An 89-year-old Dutch woman is the first confirmed case of a person dying from a COVID-19 reinfection, according to the Oxford University Press.
The woman had a relatively easy first infection, in which she spent five days in the hospital earlier this year exhibiting mild symptoms including a fever and cough and testing positive for the coronavirus. Her symptoms subsided, with the exception of chronic fatigue, and she tested negative.
Two months after her first infection, and two days after starting a round of chemotherapy treatment for a rare type of bone marrow cancer called Waldenstrom’s disease, she tested positive for COVID-19. Medics tested the genome makeup of the new virus to confirm it was indeed a new infection rather than a case of the woman not shedding the virus the first time around.

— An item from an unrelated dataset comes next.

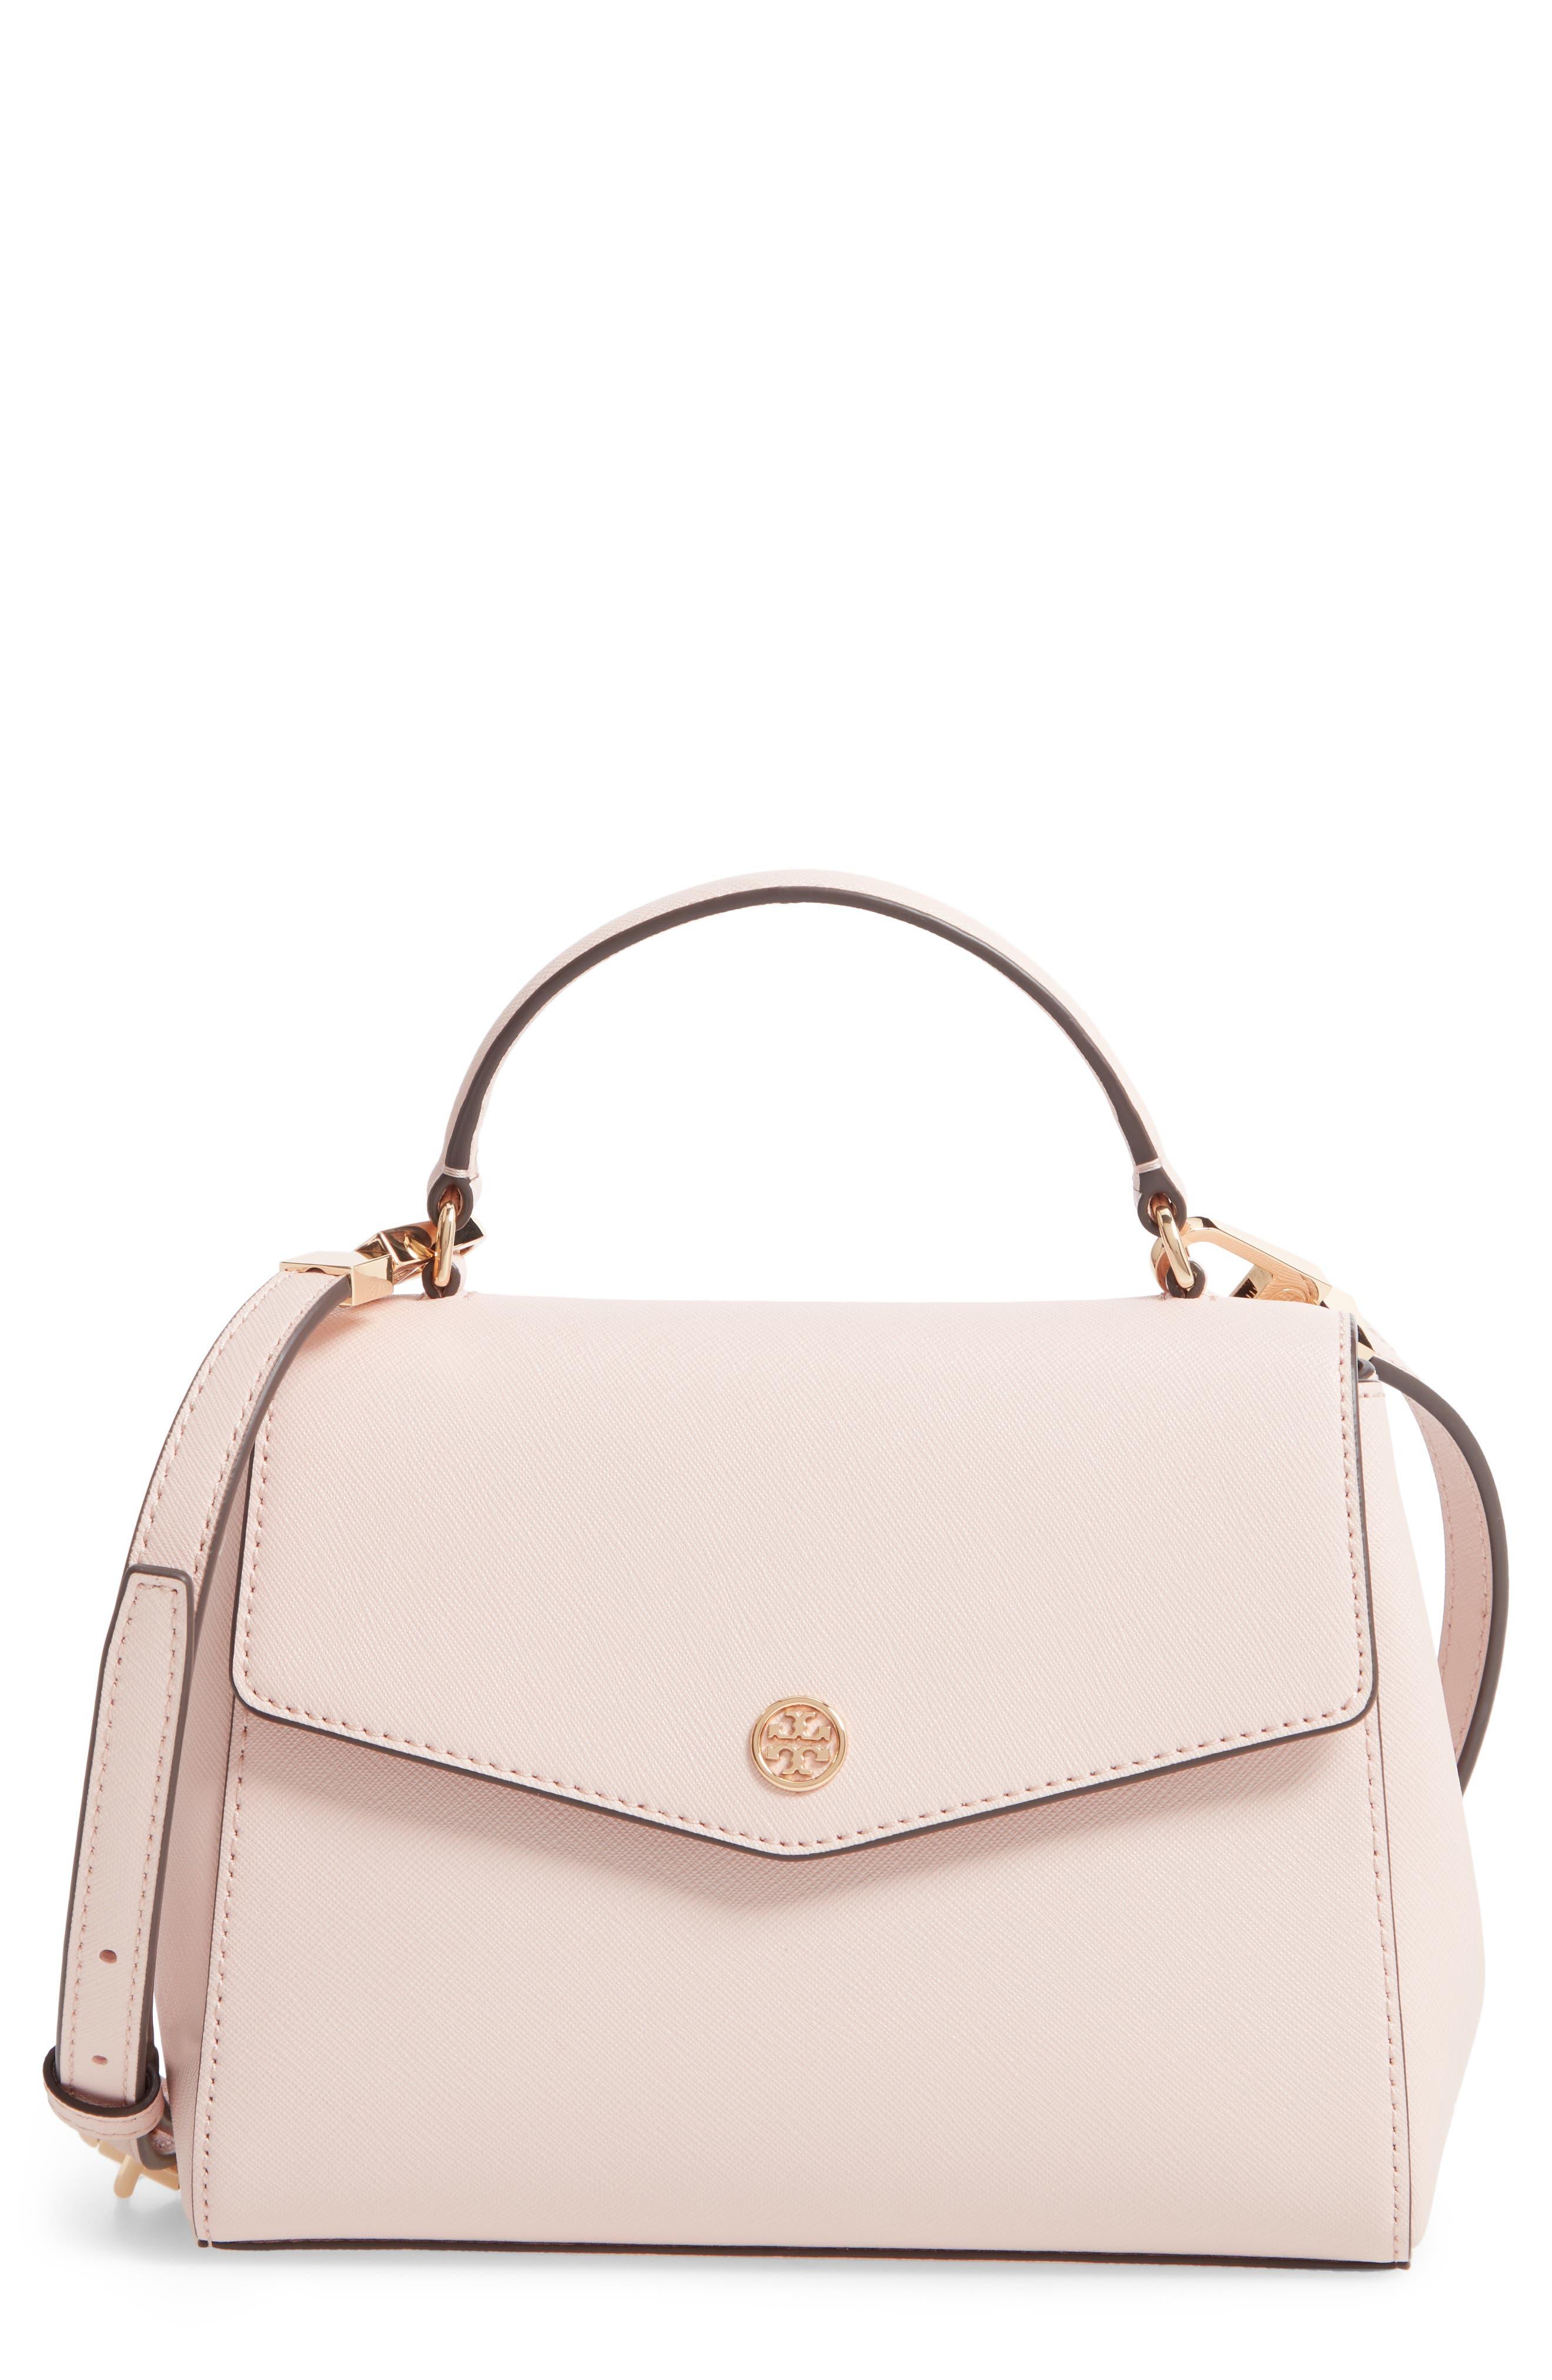 tory burch handbags wallets for women nordstrom rh shop nordstrom com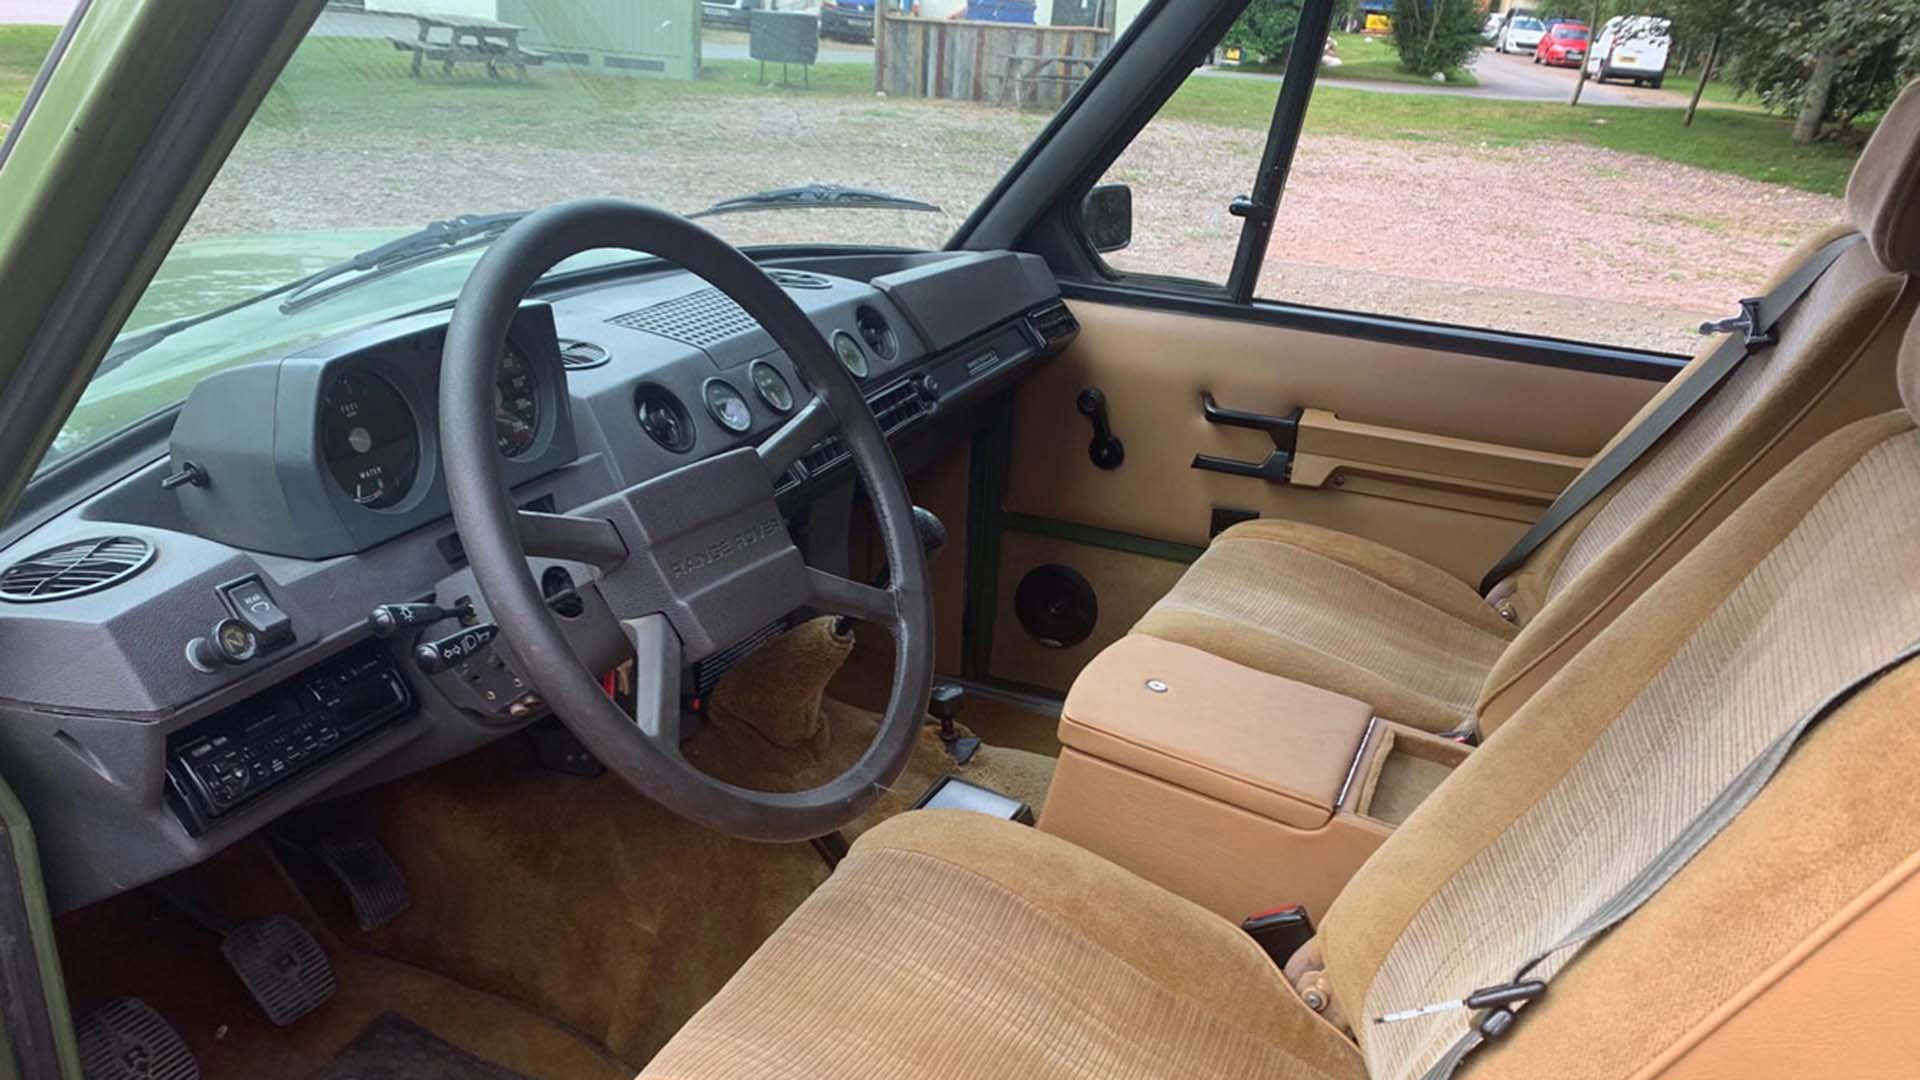 Salvage Hunters Classic Cars Range Rover interior

Her second bout with COVID-19 was far worse, including fever, cough and dyspnea with an oxygen saturation level of more than 90 percent. On the fourth and sixth days of her new infection, she tested negative for antibodies, according to the Oxford report. “On the eight day, the condition of the patient deteriorated,” the report states. “She died two weeks later.”
COVID-19 has a low reinfection rate, according to the Oxford researchers, who say just 23 cases of confirmed reinfection have been reported worldwide. In all previous reinfections, the patients all survived.
The researchers say that reinfections occur “once antibody titers decrease and immunity wanes,” which calls into question the effectiveness of vaccines if antibodies are not long-lasting.
In rare cases, including a 25-year-old reinfected man from Nevada with no underlying conditions, the new infection was far worse than the first round of the virus. A 33-year-old Hong Kong resident was the first confirmed case of reinfection four months after testing negative for COVID-19 earlier this year. There have been several cases of people taking months to shed the virus, which the Oxford researchers say can be mistaken for reinfection, and thus suggest a full study of the virus genome in all suspected second infection cases.